Corruption remained endemic and now even far worst than in 2016, making Transparency International rank Nigeria in its latest Corruption Perception Index at the bottom.

Its national debt from both external and internal since 2016 has ballooned to a jaw-dropping 151 billion U.S. dollars from 58 billion USD in 2016, according to recently published stats by Aaron O’Neal. With nothing to show for that money, the country has continued its borrowing spree.

Investors and corporations are fleeing the countries in droves. The few who still see Nigeria’s growing population in the region as a haven for profit are instead building their plants and corporate offices in neighboring countries like Ghana. I.e., Toyota, Twitter, ShopRite Holdings, etc.

The Nigerian people are watching in disbelief as their beloved country regress and quickly fell behind the rest of the world.

Newspapers worldwide report on the country’s dismal state. Nigerians home and abroad not only feel the pain but also read and watch the sobering news of a crumbling country that they have hoped will emerge from the precipice it was heading.

The signs appeared to be encouraging until Lai Mohammed, and his boss took over.

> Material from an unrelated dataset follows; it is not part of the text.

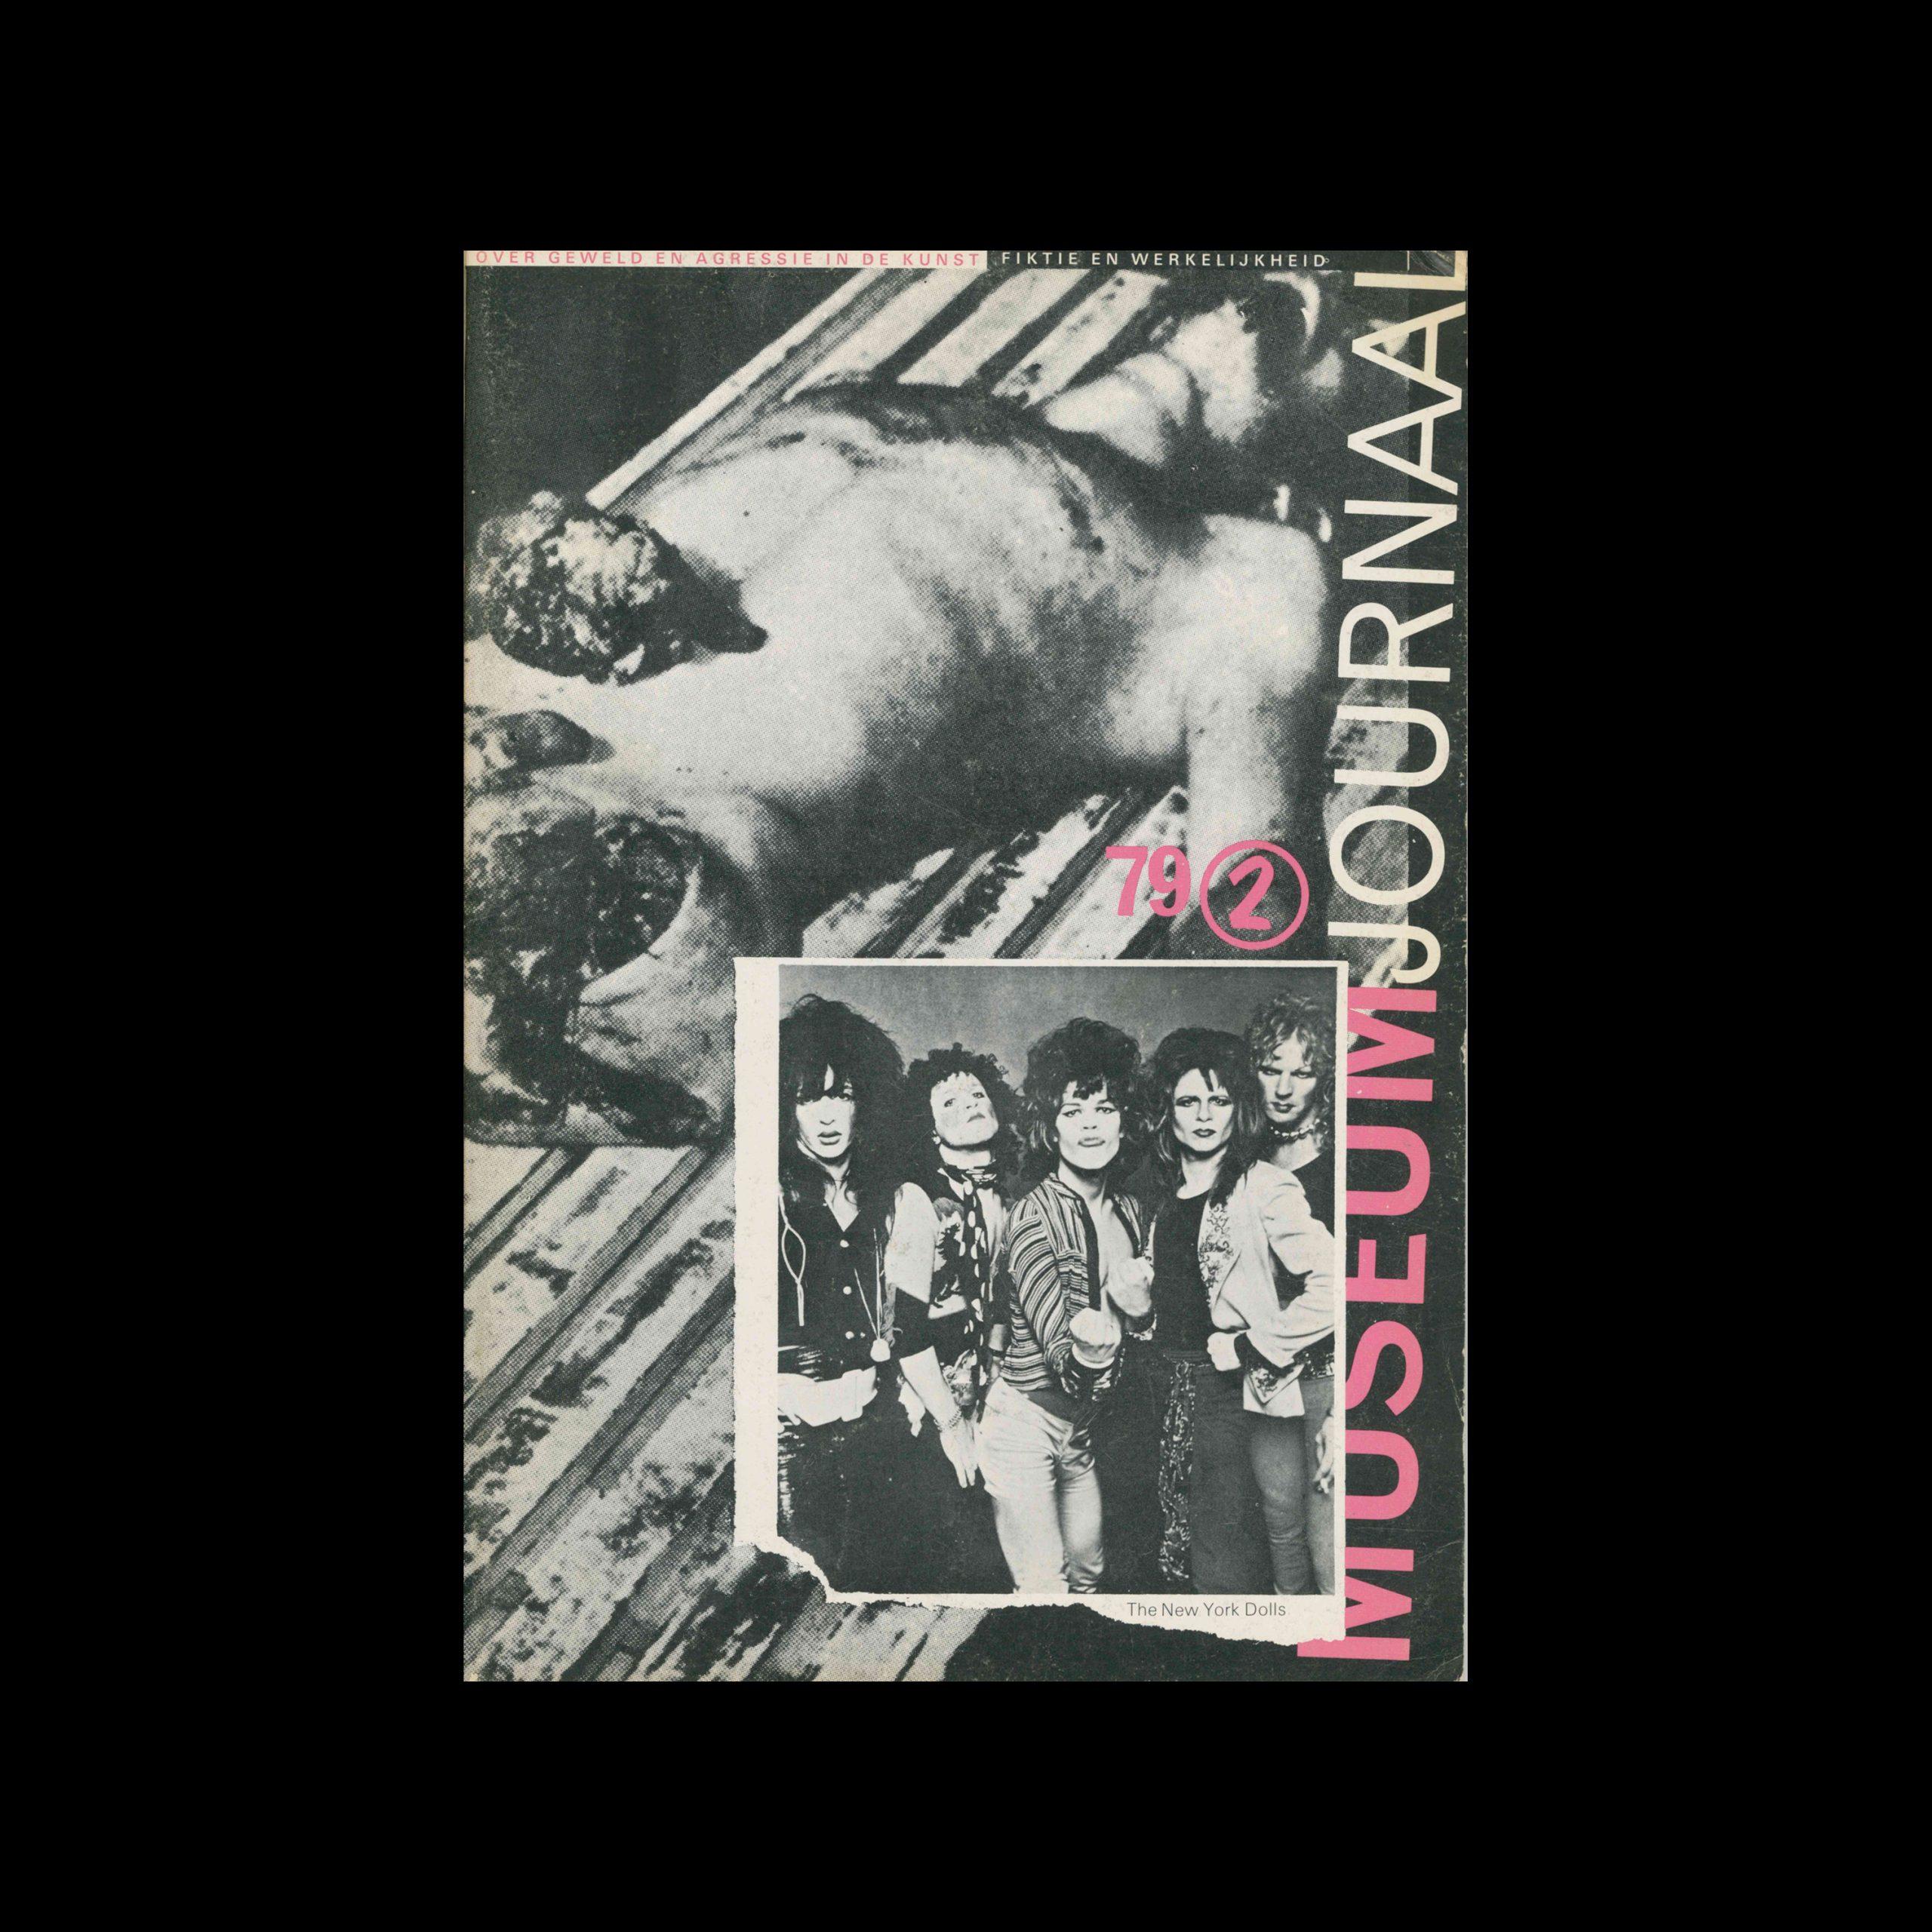 Museumjournaal, Serie 24 no2, 1979. Cover design by Jan van Toorn.

The above is the irrefutable stark report of 6 years of maladministration.

Not fake news or fake narrative as Lai Mohammed and his government would want the world to think, but an objective, dispassionate account of the country’s reality.

Ask any Nigerian on the street, and they will lament and tell you the country is heading in the wrong direction. I dare Lai Mohammed to refute any of the facts above.

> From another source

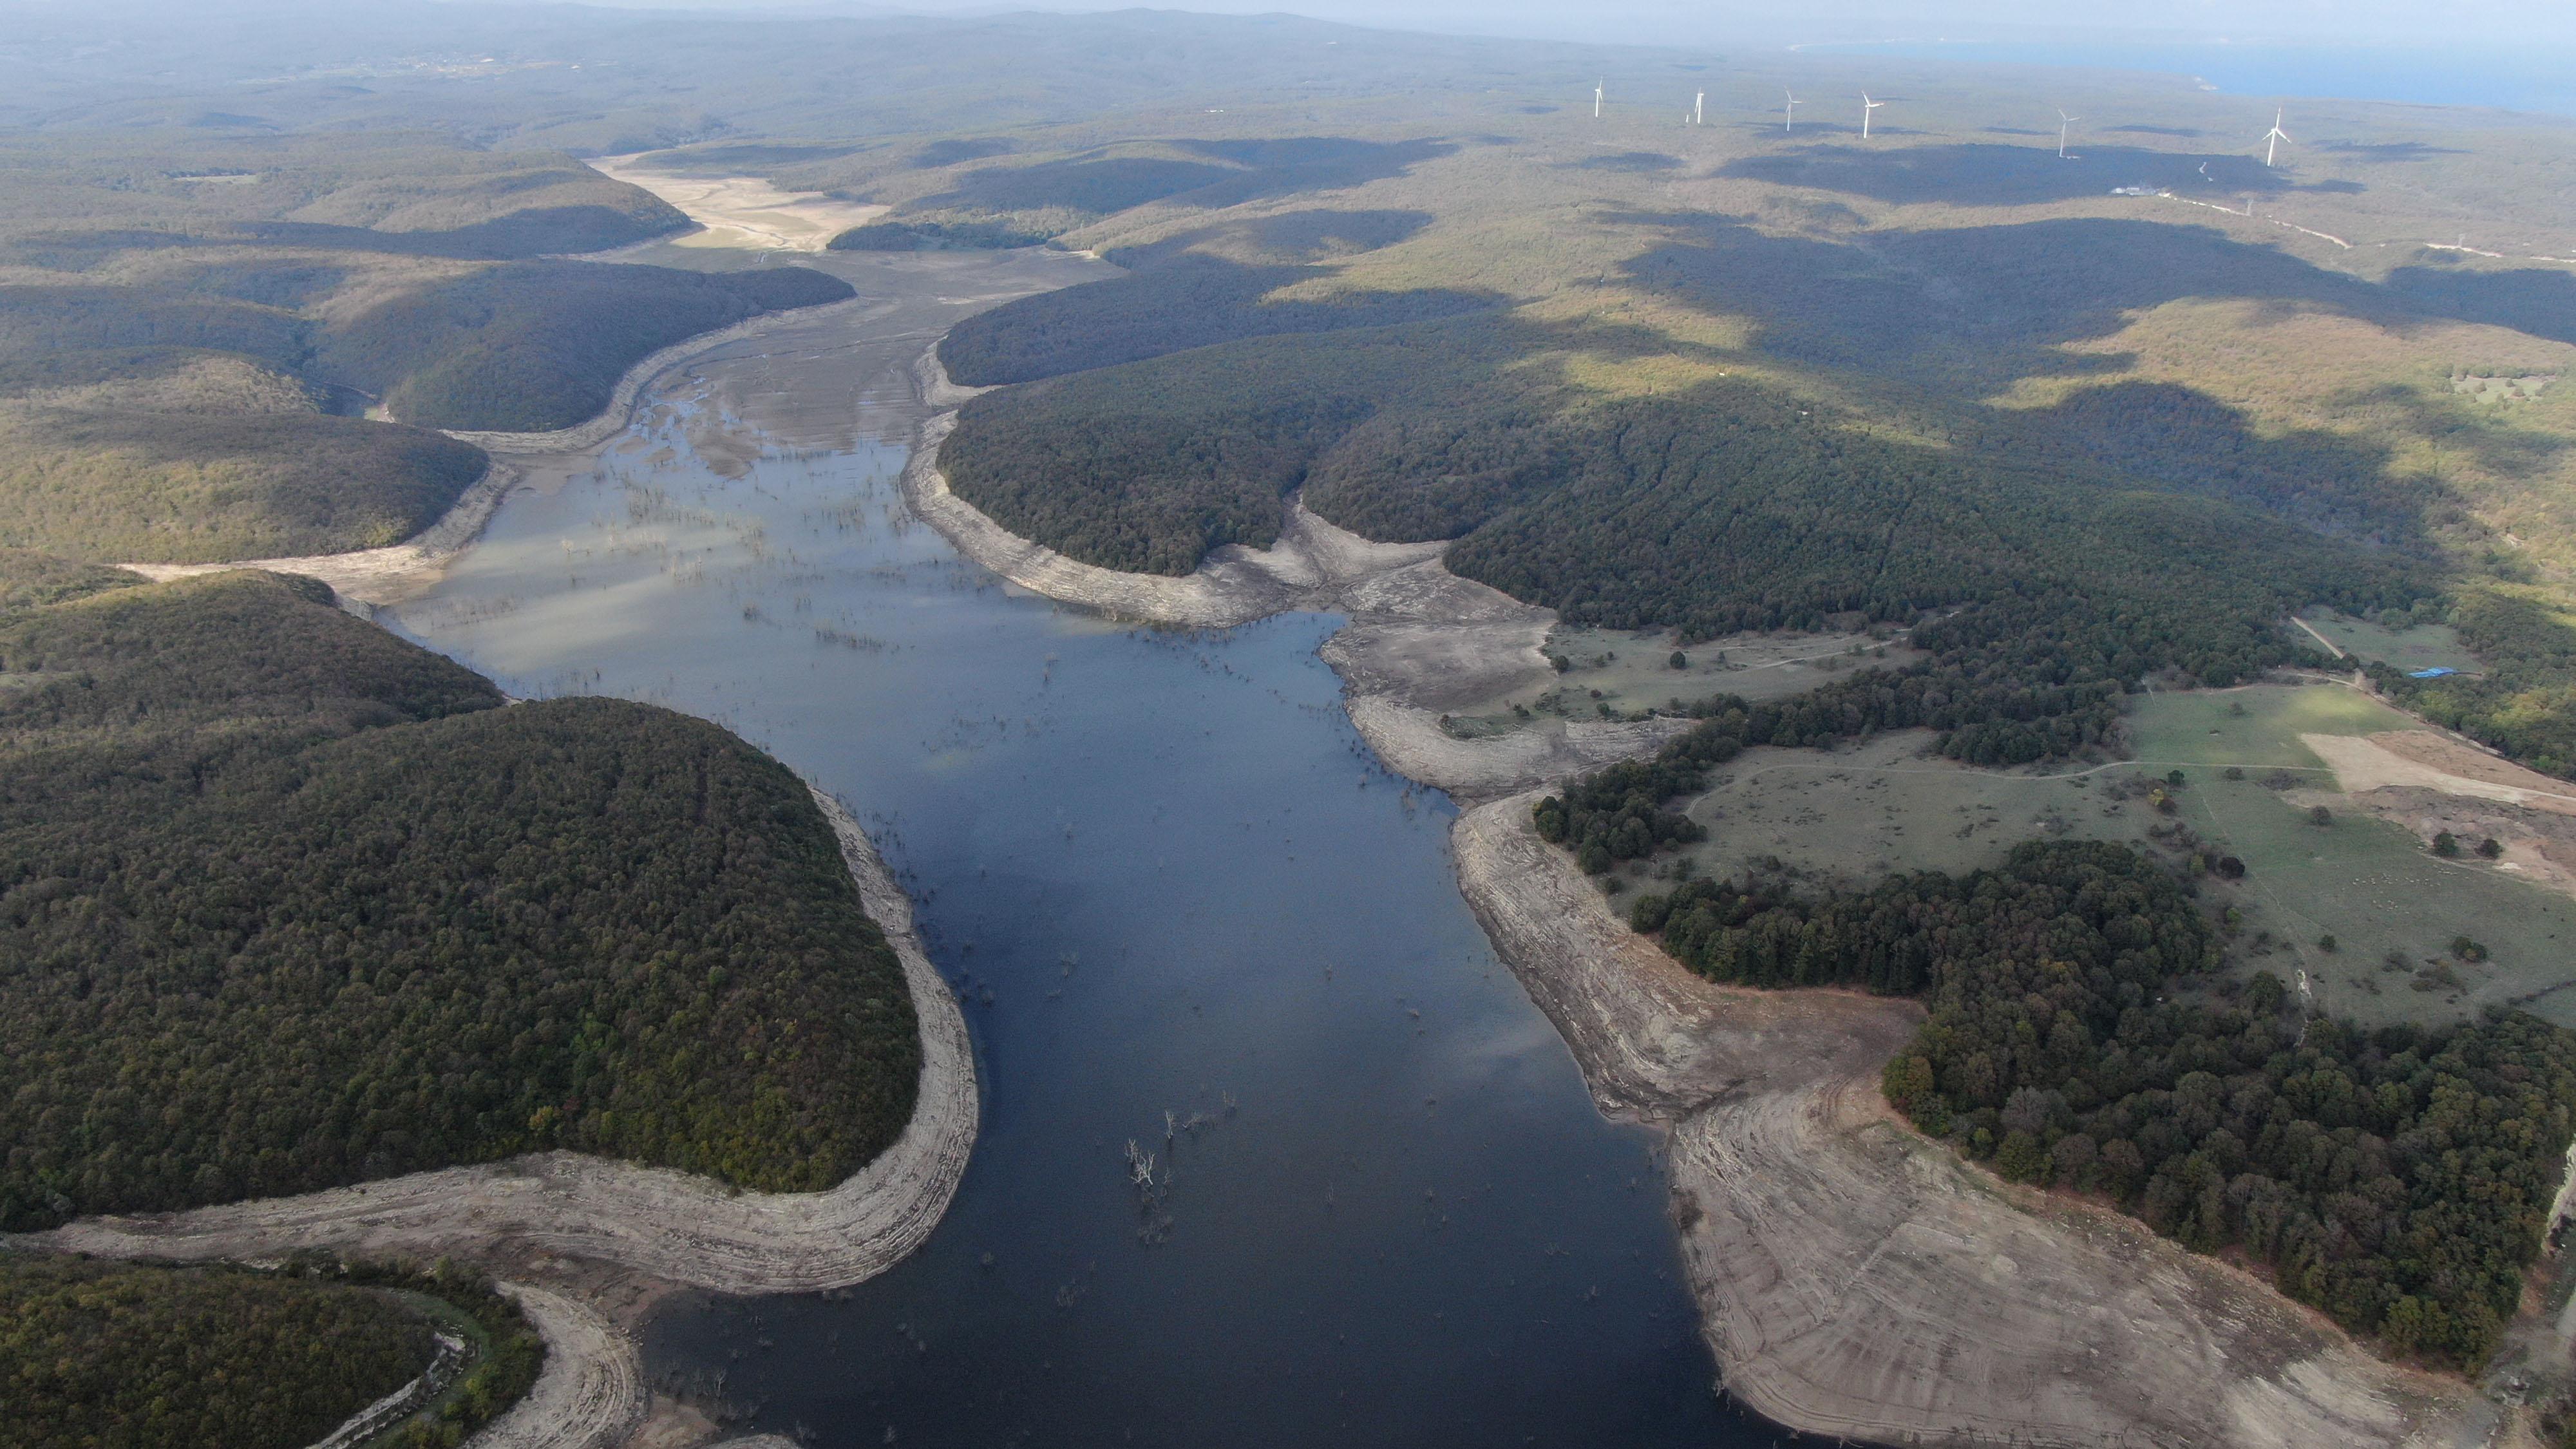 İstanbul'da korkutan görüntü! İki baraj kullanım dışı kaldı

The diaspora, which has continued to sustain Lai Mohammed and his boss’s failed policies with billions of dollars in direct remittances, is in complete despair. Many of them worry they may not have a country to return to. Amid a cratering economy and the exhaustion from supporting families at home due to bad governance,  the diaspora pulled back remittances for the first time in decades. According to the World Bank, remittances to Nigeria declined by a whopping 27.7%.

So, Lai Mohammed can continue to accuse the diaspora of spreading fake narratives about the country if he likes. It won’t serve him well. Instead, it would have been better for him if he and his cohorts put on sackcloths, rub their bodies in ashes, take full responsibility, then forge a Nigerian version of truth and reconciliation on how to salvage the country from its current social-political and economic crises.

But I won’t hold my breath.

Instead, in his typical self, he engages in finger-pointing, false accusations, and divisive rhetoric.

However, Lai Mohammed failed to understand that Nigerians are not naive of his administration’s intentions, whether in the homeland or the diaspora.

We are aware that they have ruled us like medieval fiefdoms, hopelessly and ineptly mismanaged our commonwealth, and allowed sordid lootings of our national till by rabid ministry and agency administrators while leaving trails of hunger and hardship.

Notwithstanding, Nigerians refused to be numb to these new threats; if we survived more than 30 years of military juntas, we’ll survive a civilian autarch whose mindset is that of a villainous reprobate.

So, finally, to Lai Mohammed, the diaspora is not spreading fake narratives.

The Nigerian narratives which you created are spreading themselves like wildfire.